BEGIN Records shown

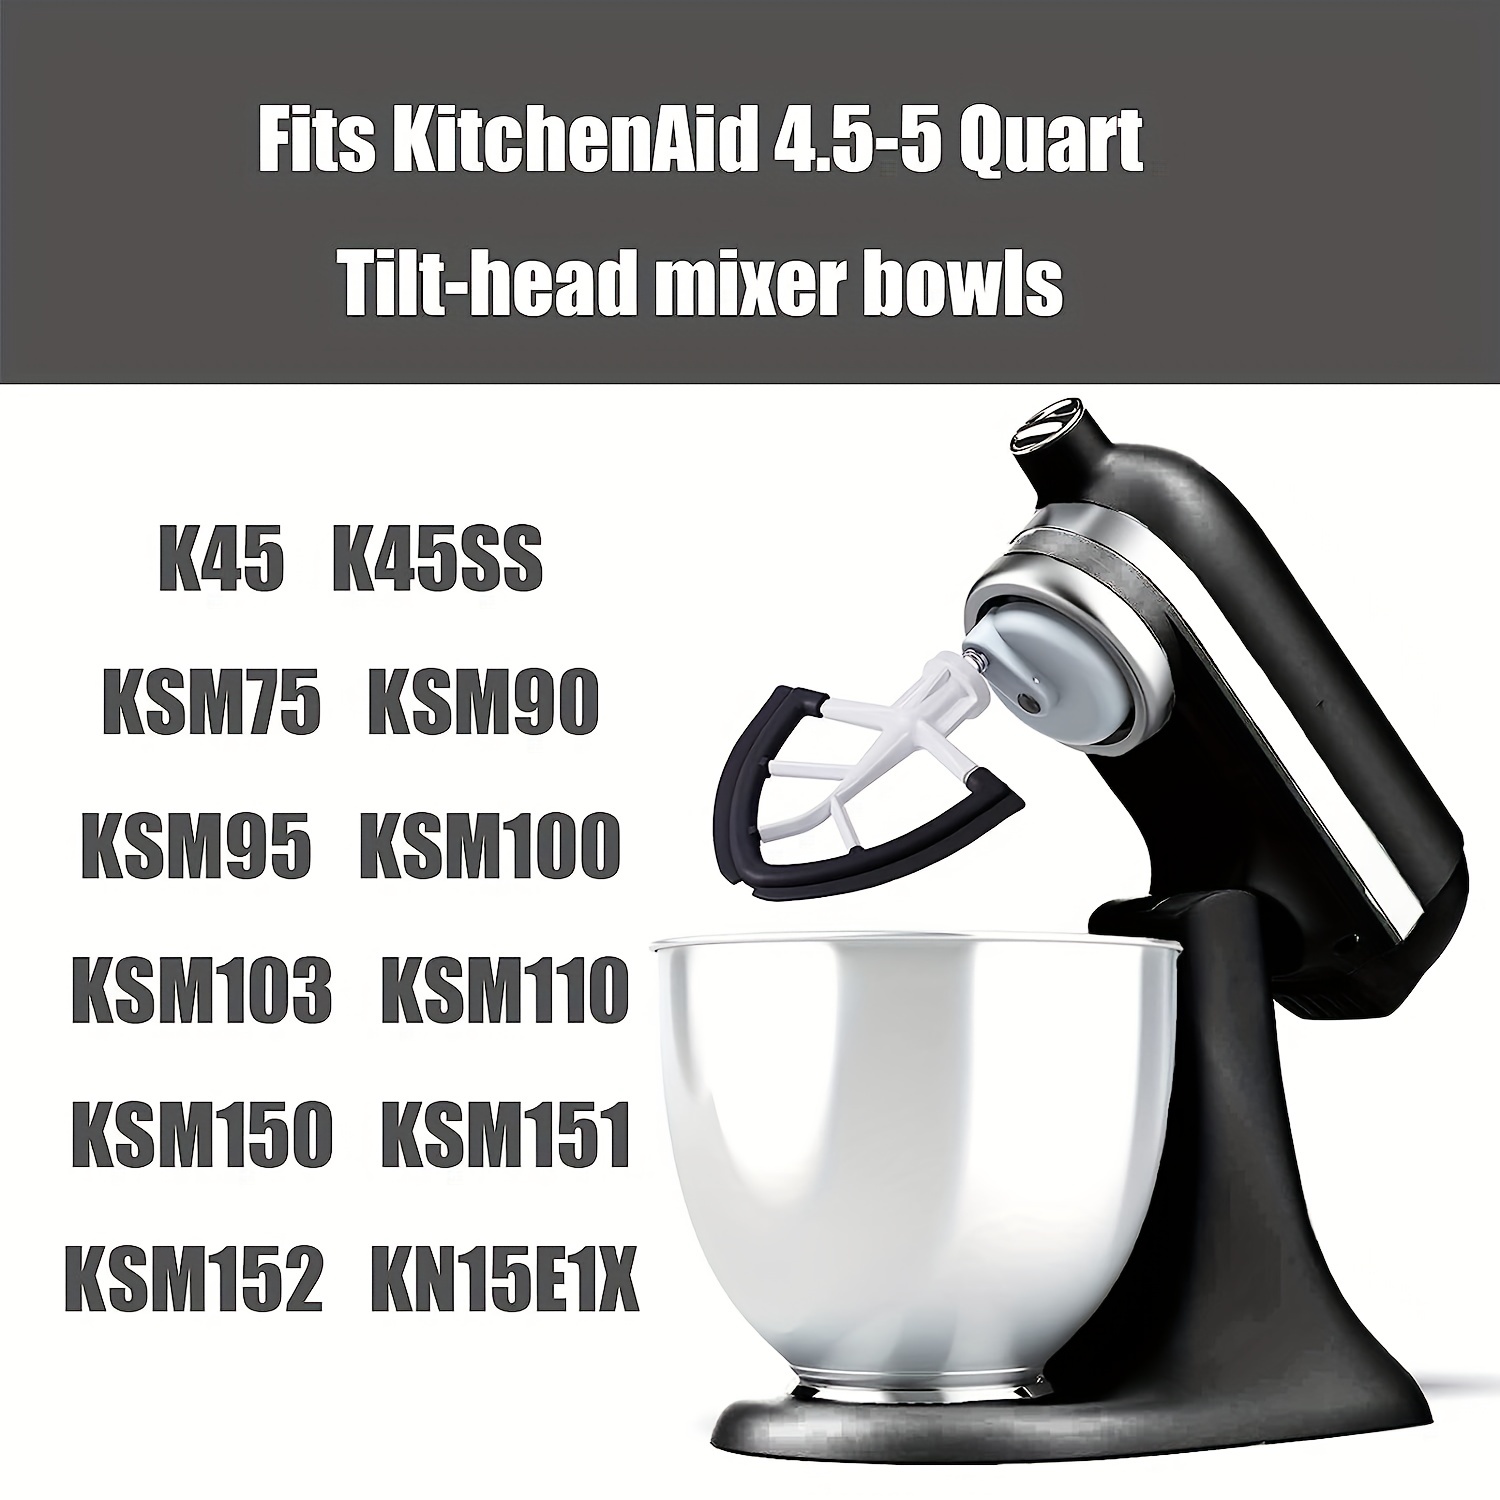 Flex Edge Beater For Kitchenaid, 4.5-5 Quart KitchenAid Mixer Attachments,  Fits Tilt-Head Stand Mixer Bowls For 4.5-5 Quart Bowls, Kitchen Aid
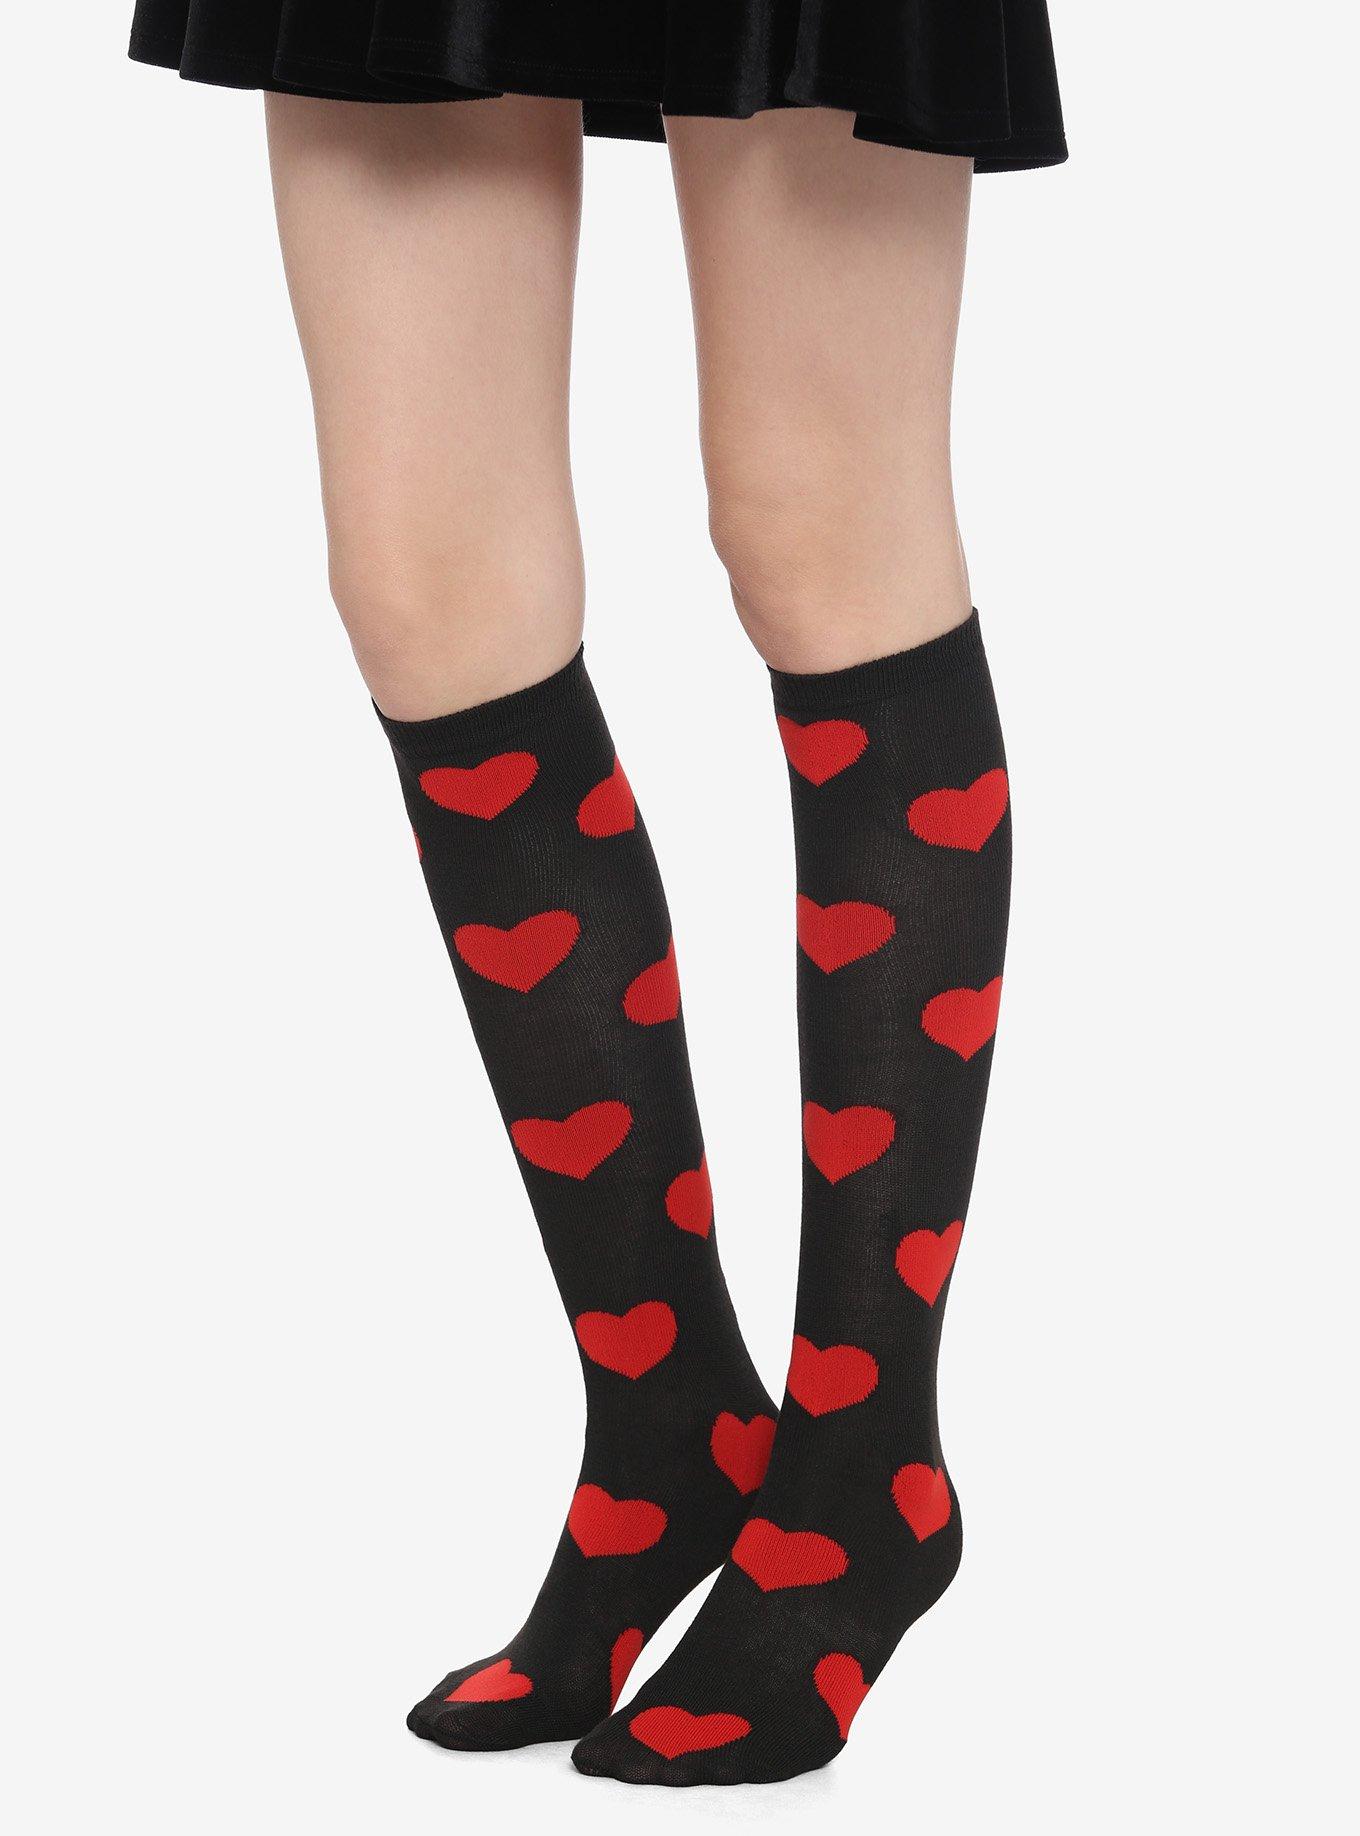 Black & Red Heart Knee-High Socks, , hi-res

END Records shown
BEGIN Records shown

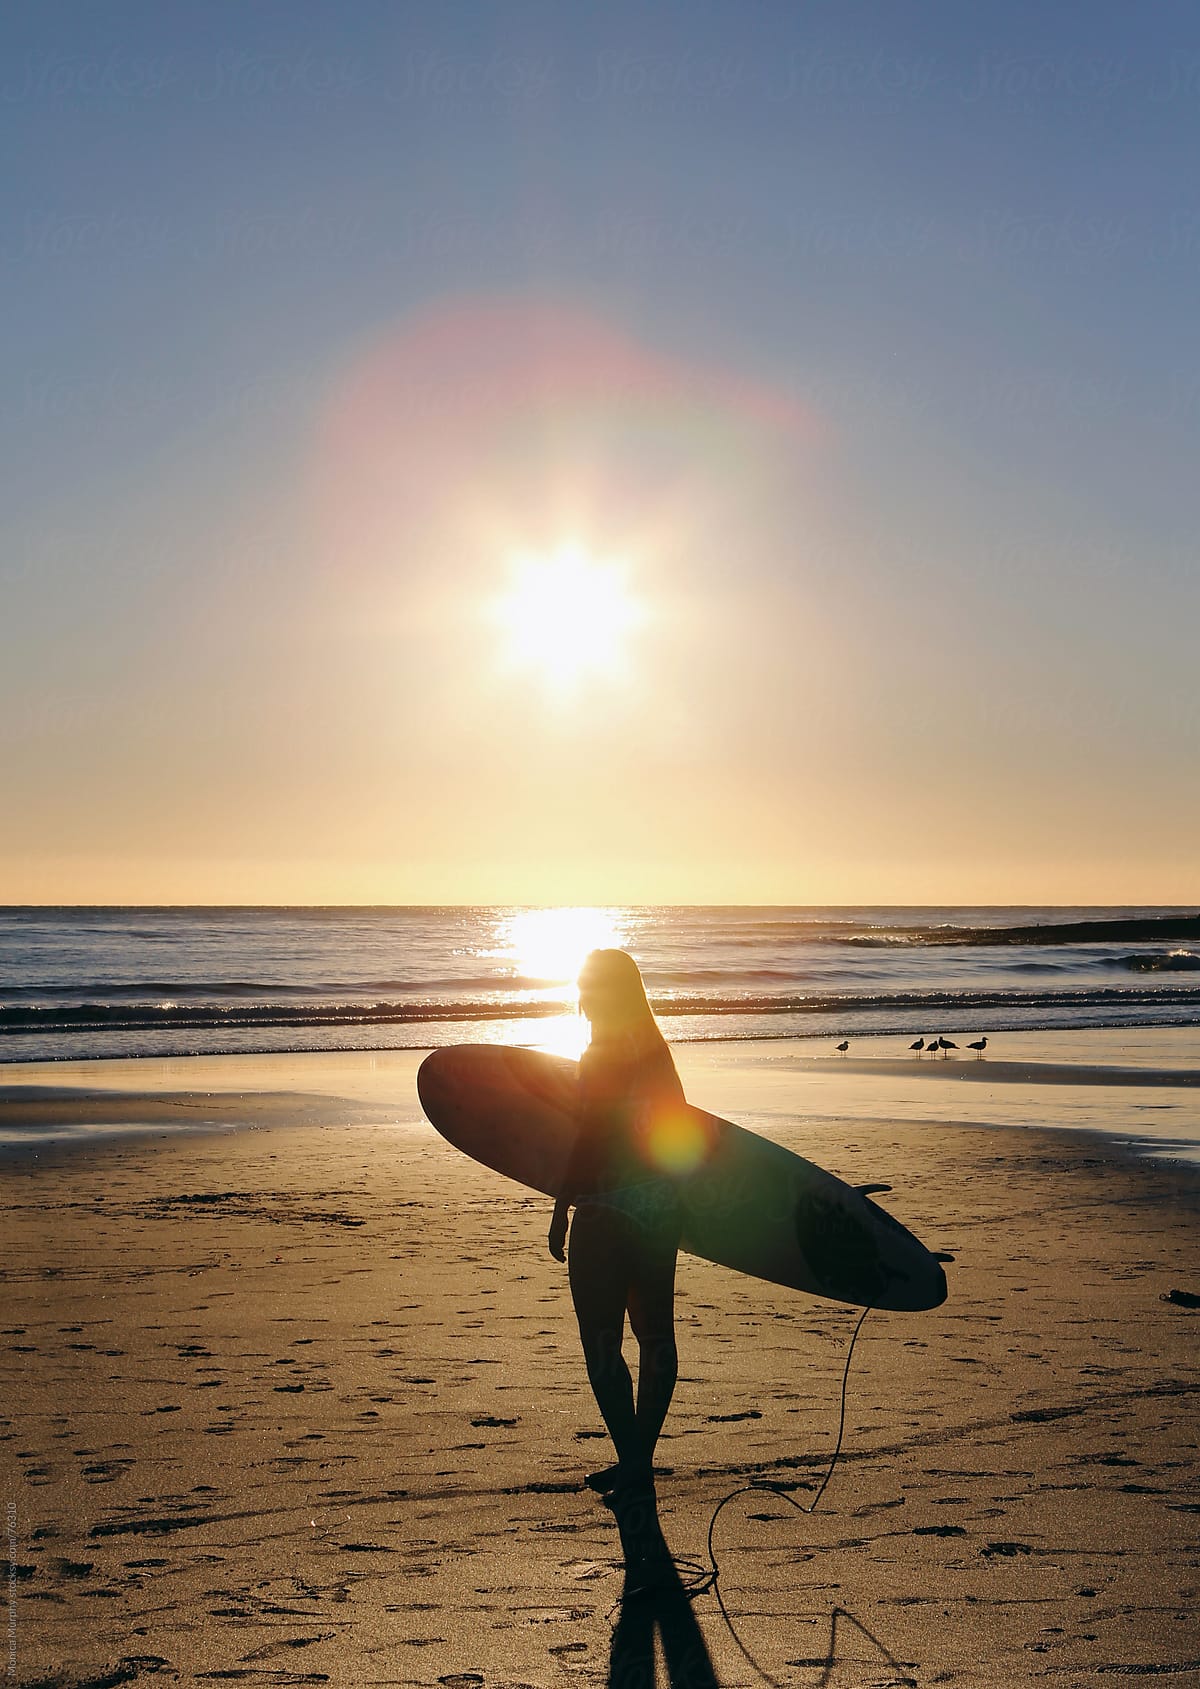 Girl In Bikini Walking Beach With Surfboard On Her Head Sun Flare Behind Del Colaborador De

END Records shown
BEGIN Records shown

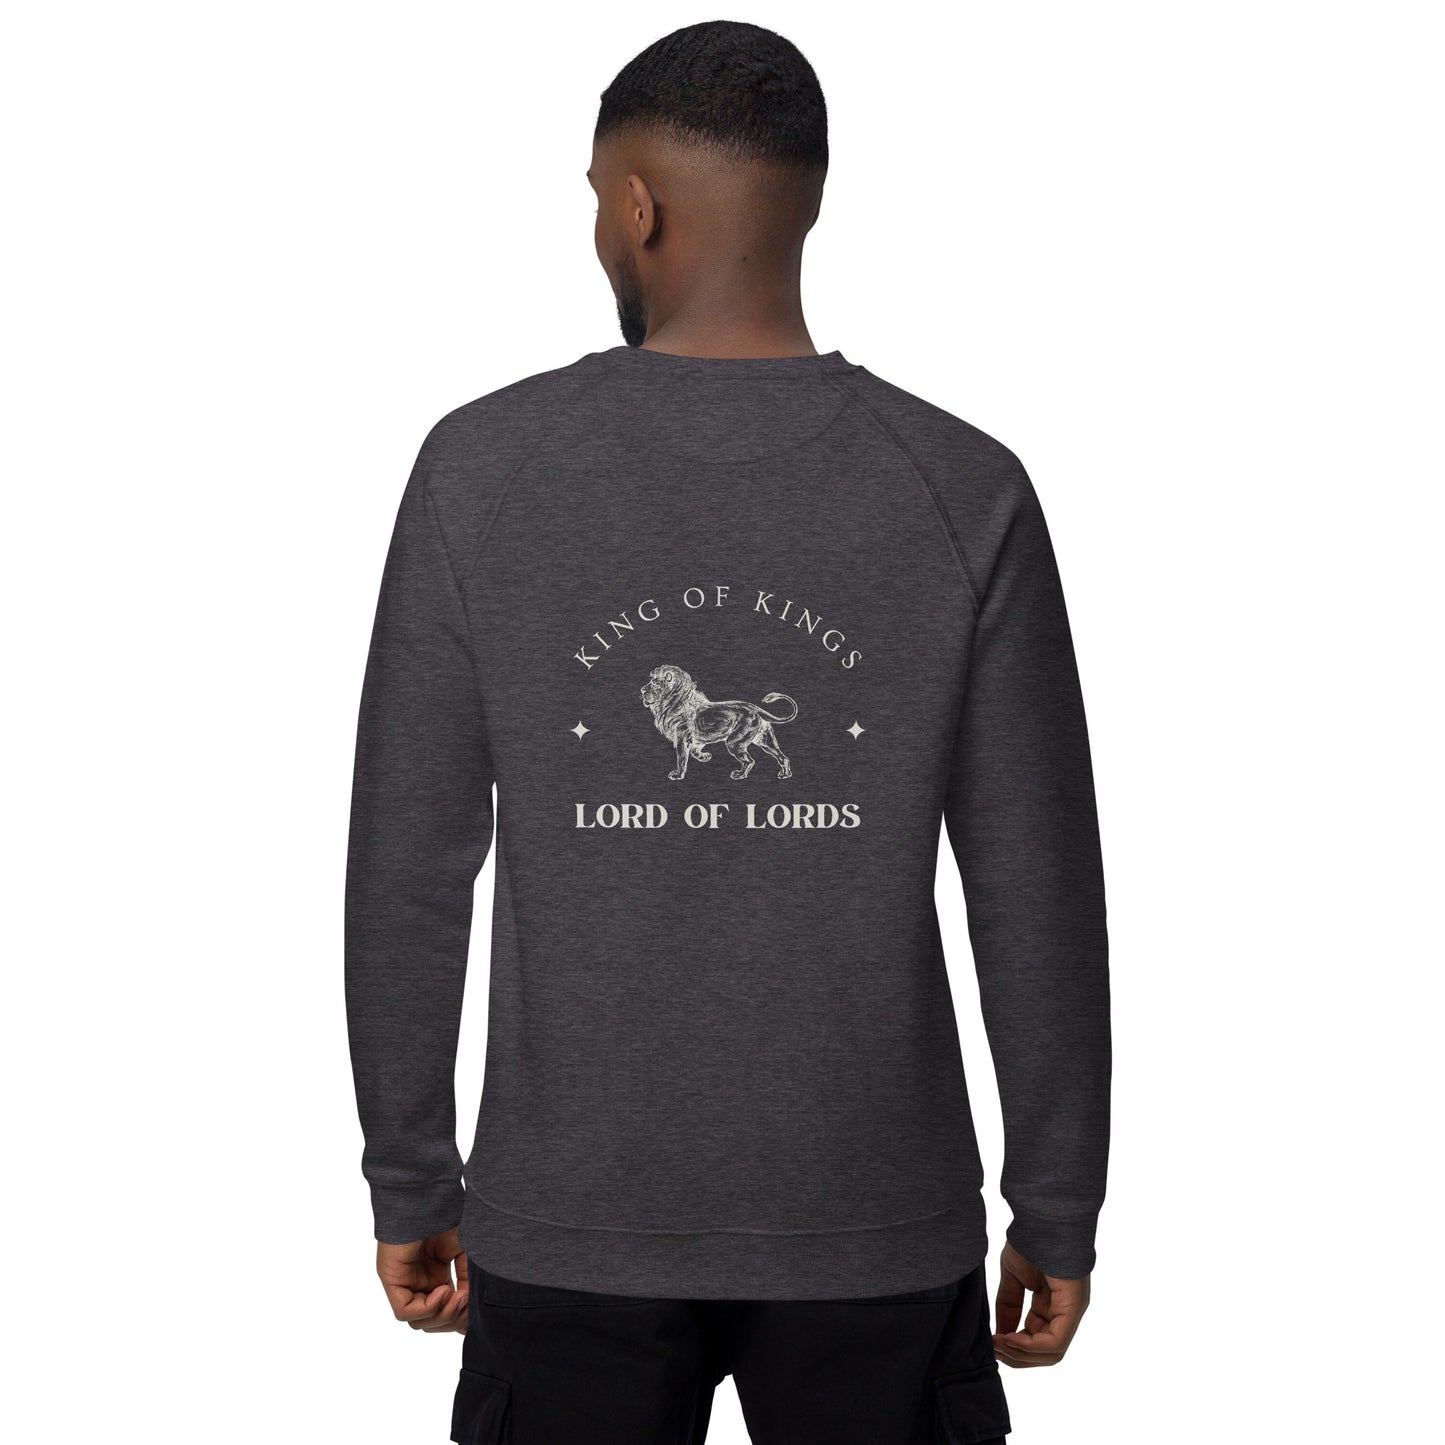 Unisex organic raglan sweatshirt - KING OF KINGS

END Records shown

Task => Print, exactly and with no pictures, the lines of the listing above starting at the one that has "Flex Edge Beater" and ending at the one that has "Black & Red Heart Knee-High Socks, , hi-res", both included.

Answer to this exercise =>
 Flex Edge Beater For Kitchenaid, 4.5-5 Quart KitchenAid Mixer Attachments,  Fits Tilt-Head Stand Mixer Bowls For 4.5-5 Quart Bowls, Kitchen Aid
 Black & Red Heart Knee-High Socks, , hi-res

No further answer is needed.